Tefeciden para alan bir vatandaş, mağdur olduğunu öne sürerek mahkemenin yolunu tuttu. Mahkeme, tefecilik yaptığı öne sürülen şahsa ceza yağdırdı. Kararı hem sanık, hem mağdur hem de Vergi Dairesi avukatı temyiz etti.

Emsal nitelikte bir karara imza atan Yargıtay 9. Ceza Dairesi, tefeciden para alanın mağdur olmayacağının altını çizdi. Kararda Türk Ceza Kanunu’nun 241. unsurunda düzenlenen tefecilik kabahatinin kanunun “Topluma Karşı Suçlar” başlıklı üçüncü kısmının dokuzuncu kısmında düzenlendiği üzere hatanın mağdurunun tüm toplum olduğu vurgulandı.

Kararda şöyle denildi:

“Tefecilik bağlantısında faiz karşılığı ödünç para alan kişi, iradi olarak faiz münasebetinin tarafı olmakta olup gerçek manada kabahatin pasif failidir. Lakin kanun koyucu izlediği hata siyaseti gereği tefecilik fiilinin etkin failinin kolaylıkla tespitini sağlamak maksadıyla ödünç para alan kişiyi cezalandırmamıştır. Bu halde tefecilik fiilinin pasif faili pozisyonunda bulunan faiz karşılığı ödünç para alan kişinin cürmün mağduru olarak kabulüne imkan yoktur. Bu şahısların fail hakkında şikayetçi olmaları halinde açılan bir kamu davasındaki pozisyonları ihbar eden niteliğindedir ve cürmün direkt mağduru olmadıklarından davaya katılma hak ve yetkileri bulunmamaktadır. Bu nedenle sanık hakkında tefecilik cürmünden açılan kamu davalarına Ceza Muhakemeleri Kanunu’nun 237. unsuruna nazaran kabahatten direkt ziyan görmeyen müştekinin katılma hakkı olmadığı, bu prestijle kararı temyiz yetkisi bulunmadığından müştekinin temyiz talebinin reddi gerekmiştir.”

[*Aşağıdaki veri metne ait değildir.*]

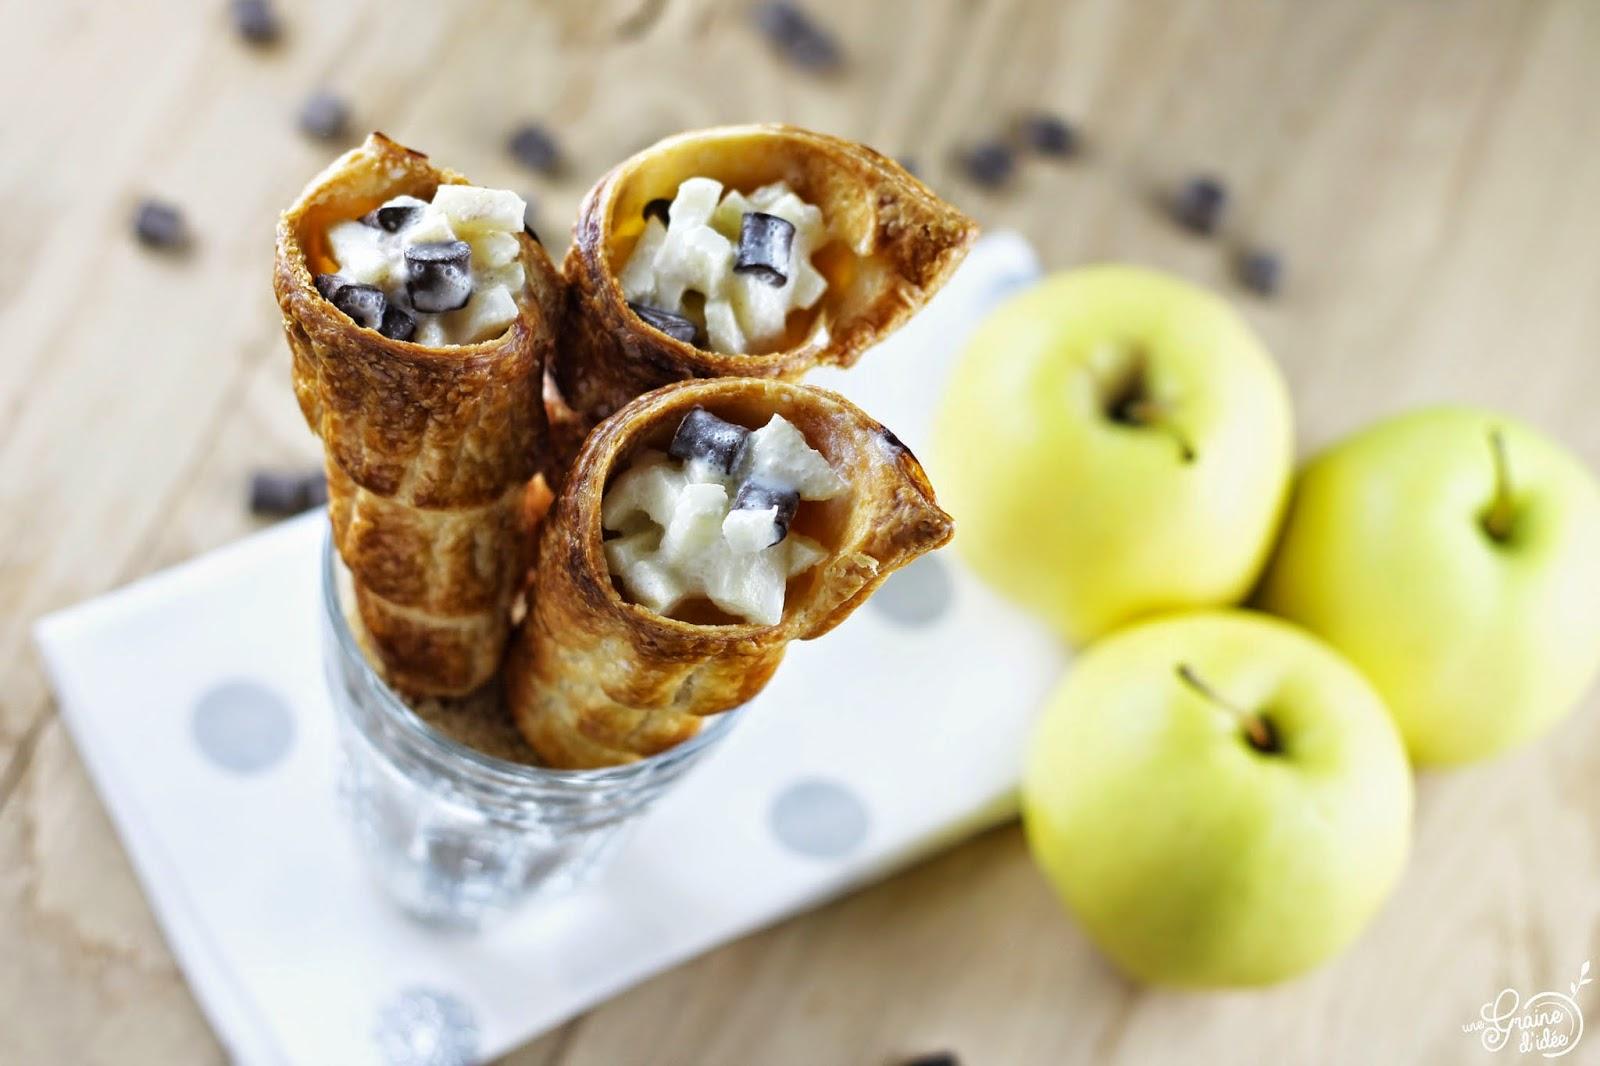 Cônes Pomme et Chocolat - Une Graine d'Idée

“Zarar karşılansa da değeri yok”

Kararda tefecilik hatasında tefecilik yapan failden faiz, komite yahut diğer isimler karşılığında ödünç para alan bireylerin cürmün direkt mağduru olmadıkları lisana getirildi.

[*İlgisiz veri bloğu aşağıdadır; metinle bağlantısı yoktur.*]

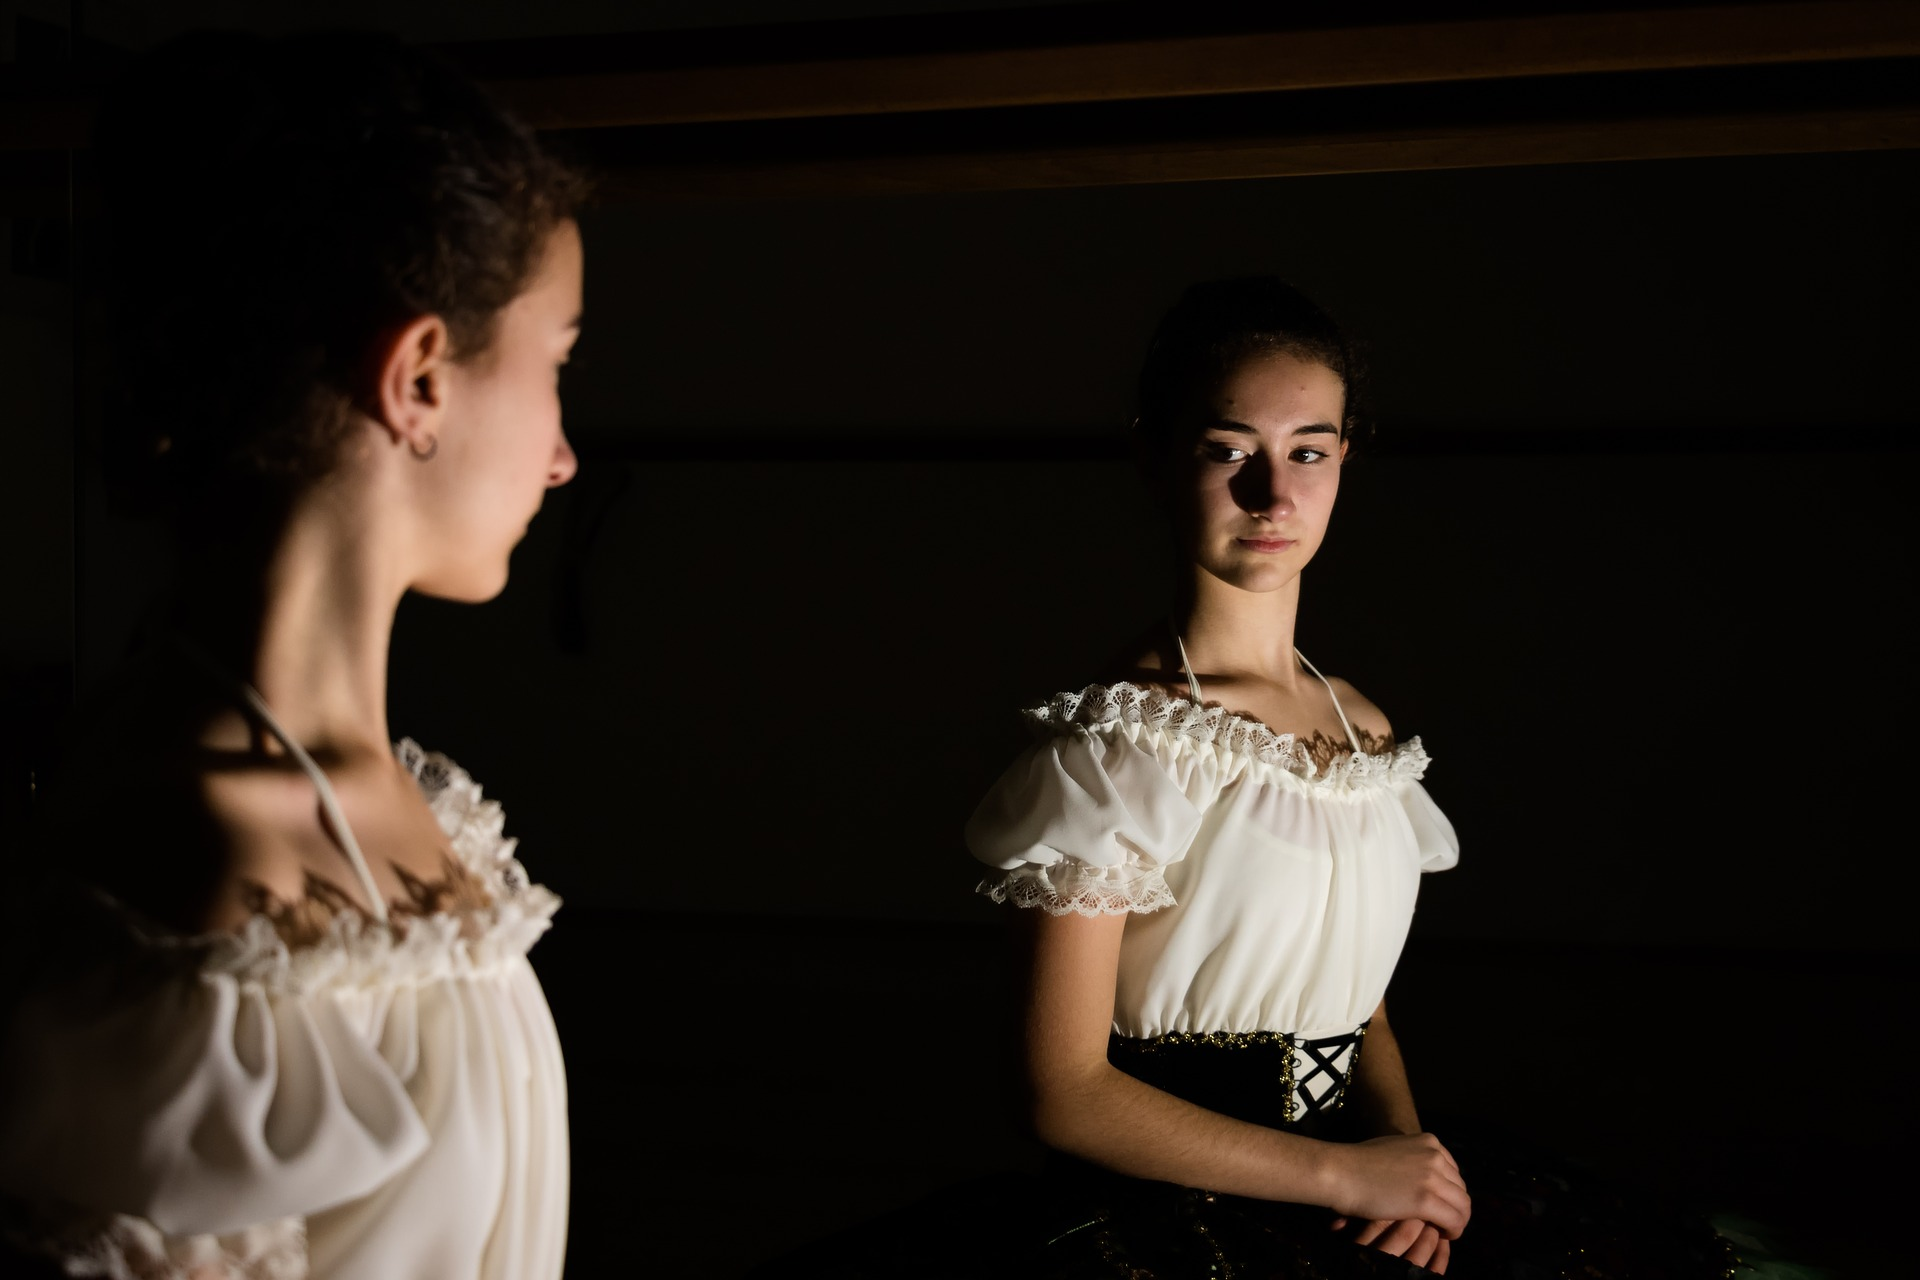 Девочка и ее отражение

Kararda, “Bu bireylerin maddi ziyanlarının göz önüne alınamayacağı açıktır. Gerçekten 6098 sayılı Türk Borçlar Kanunu’nun ‘Kesin hükümsüzlük’ başlıklı 27. hususu karşısında yasanın emredici normlarına ters olarak düzenlenen bir tefecilik kontratı nedeniyle, kontrat taraflarının direkt yahut dolaylı olarak tüzel muhafazadan yararlanmaları olanaksızdır. Sonuç olarak tefecilik hatalarından kurulan kararlarda Ceza Muhakemeleri Kanunu’nun 231. unsurunun uygulanmasında, birebir Yasa’nın 231/6-c hususundaki ‘Zararın giderilmesi’ şartının aranması olanaksızdır” denildi.

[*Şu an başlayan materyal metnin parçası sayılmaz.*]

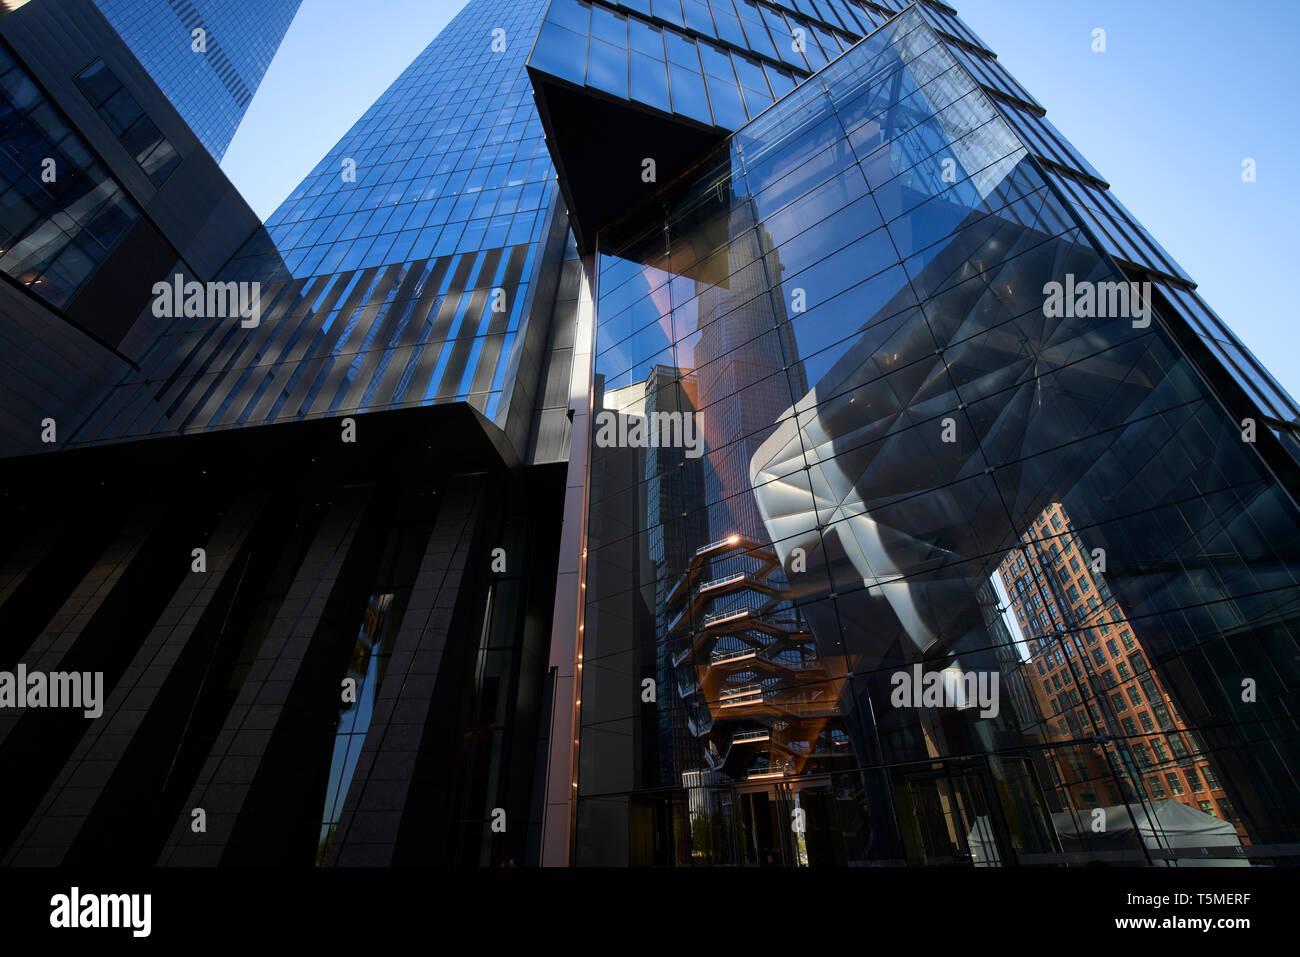 Schiff interaktive Kunstwerke und der Schuppen beweglichen Dach in hohen wider - Aufstieg außen Glas in Hudson Yards, New York City Stockbild

Oy birliği ile alınan kararda, “Bu açıklamalar ışığında belge çerçevesi, bilgi ve dokümanlara nazaran mahkemece sanığa kararın açıklanmasının geri bırakılmasını kabul edip etmediğinin sorulması sonrasında Ceza Muhakemeleri Kanunu’nun 231/5 ve 231/6-a-b unsur ve bentleri çerçevesinde kıymetlendirme yapılması gerekirken ‘Karşı tarafın ziyanı tanzim edilmediğinden’ münasebeti ile sanık hakkında Ceza Muhakemeleri Kanunu’nun 231. unsurunun uygulanmasına yer olmadığına karar verilmesi bozma nedenidir. Sanık müdafiinin ve müşteki Hazine vekilinin temyiz itirazları bu prestijle yerinde görülmüş olduğundan, 5320 sayılı Kanun’un 8/1. unsuru de gözetilerek Ceza Muhakemeleri Yordamı Kanunu’nun 321. hususu uyarınca kararın bozulmasına oy birliği ile karar verilmiştir” sözleri kullanıldı.